A Literary Pride Parade

Pride celebrations look a little different this year; Covid-19 has resulted in the cancellation of most Pride parades, and the murder of George Floyd has led to protests across the world in the name of Black lives and racial equality. The push for equality for the LGBTQ+ community has been, and continues to be, intertwined with the push for racial equity (look at the activists who led the Stonewall uprising in 1969). So while you wait for your backorder of Ibram X. Kendi's How to Be an Anti-Racist to arrive, why not consider marking both movements with a book by one of these Black LGBTQ+ authors? 

R. Eric Thomas (the columnist behind the popular "Eric Reads the News" on Elle.com) uses his charming sense of humor in Here for It: Or, How to Save Your Soul in America (Ballantine, $26), his first collection of essays, to explore his life as a gay, Black, Christian man and what it means to be different--and to be one's truest self.
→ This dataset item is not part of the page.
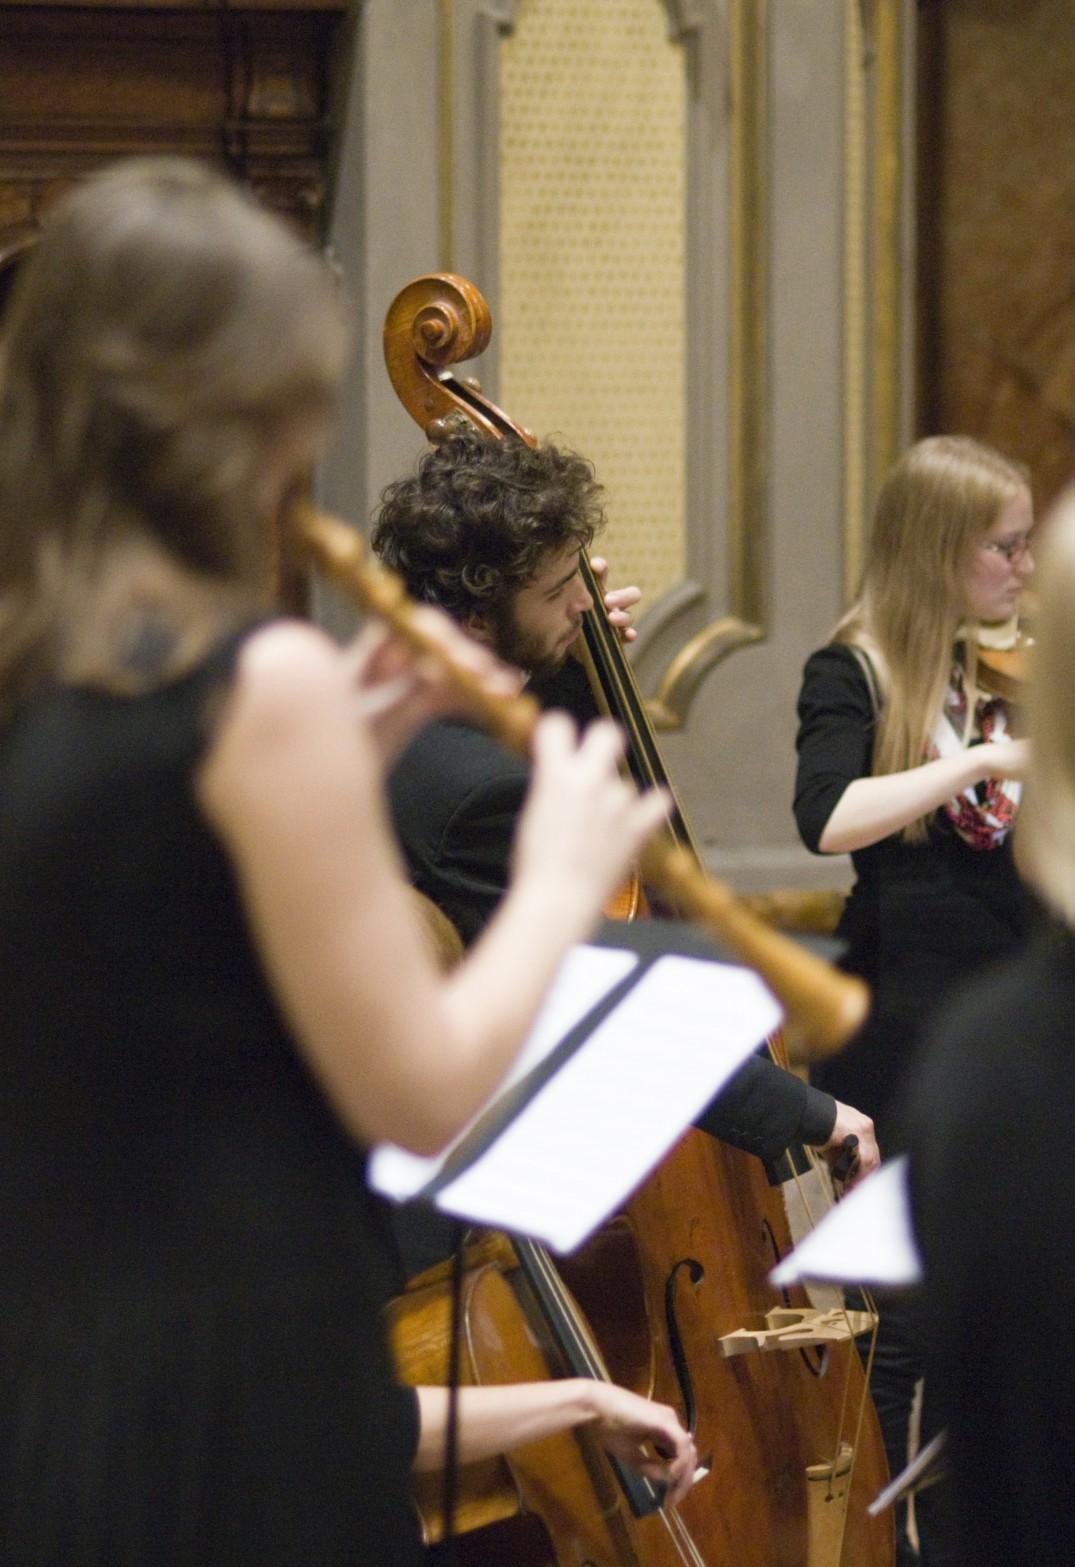 Theresia_Concerto_Milano_17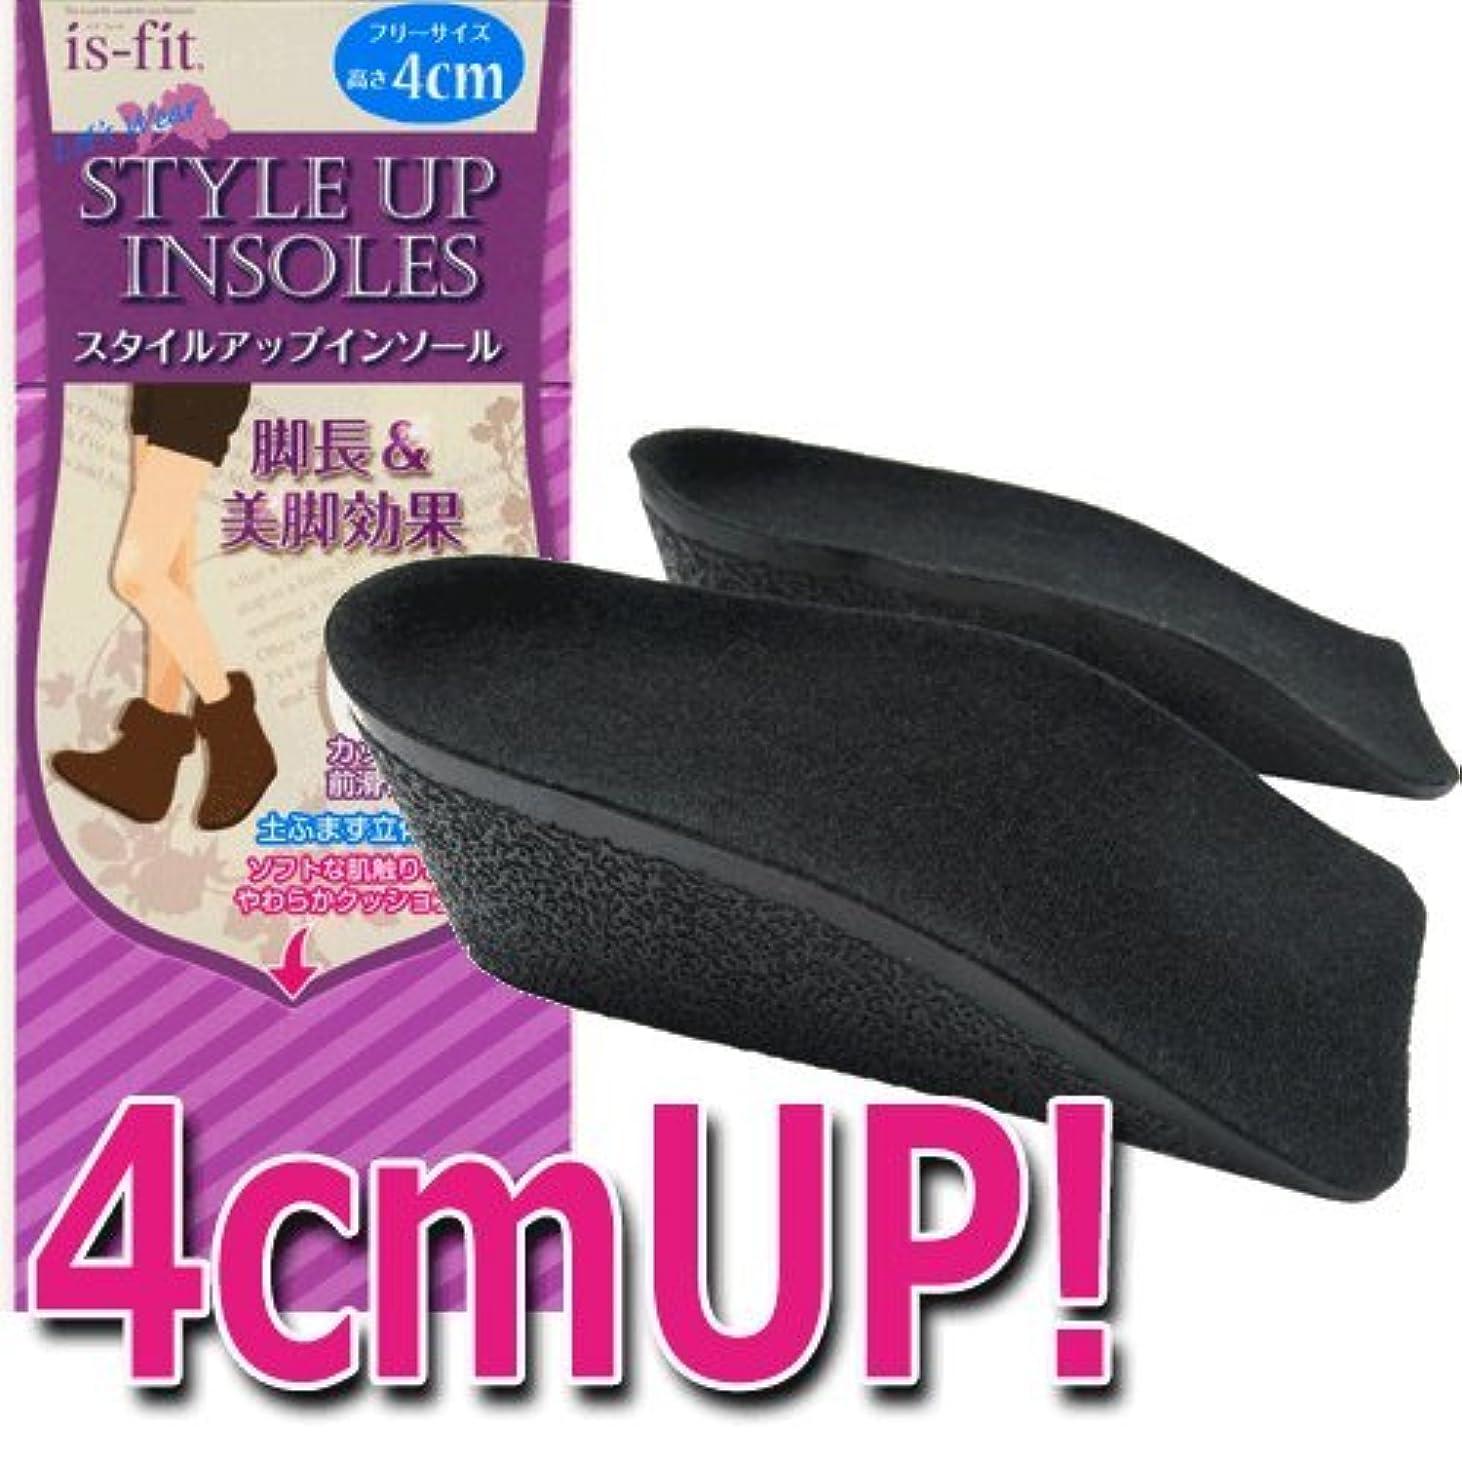 ディレイディレイ敏感なモリト is-fit(イズフィット) スタイルアップインソール 4cm 女性用 フリーサイズ ブラック

If you need a good laugh and also want to examine the very real, very large issues facing our world today (racism, pride, religion, and mental health, to name a few), look no further than Thomas's excellent collection.

If fiction is more your speed, Nicole Dennis-Benn's novels are both incredible. In Here Comes the Sun (Liveright, $15.95), a Jamaican woman buckles under the pressures of caring for her younger sister, satisfying her mother, and exploring her sexuality; in Patsy, Dennis-Benn peels back the layers of motherhood in the story of a Jamaican immigrant living in New York--without her daughter.

Up next for me is Akwaeke Emezi's Freshwater (Grove, $16), which has been highly praised by many literary outlets (including this one); our reviewer called it a "riveting and peculiar variation on coming of age."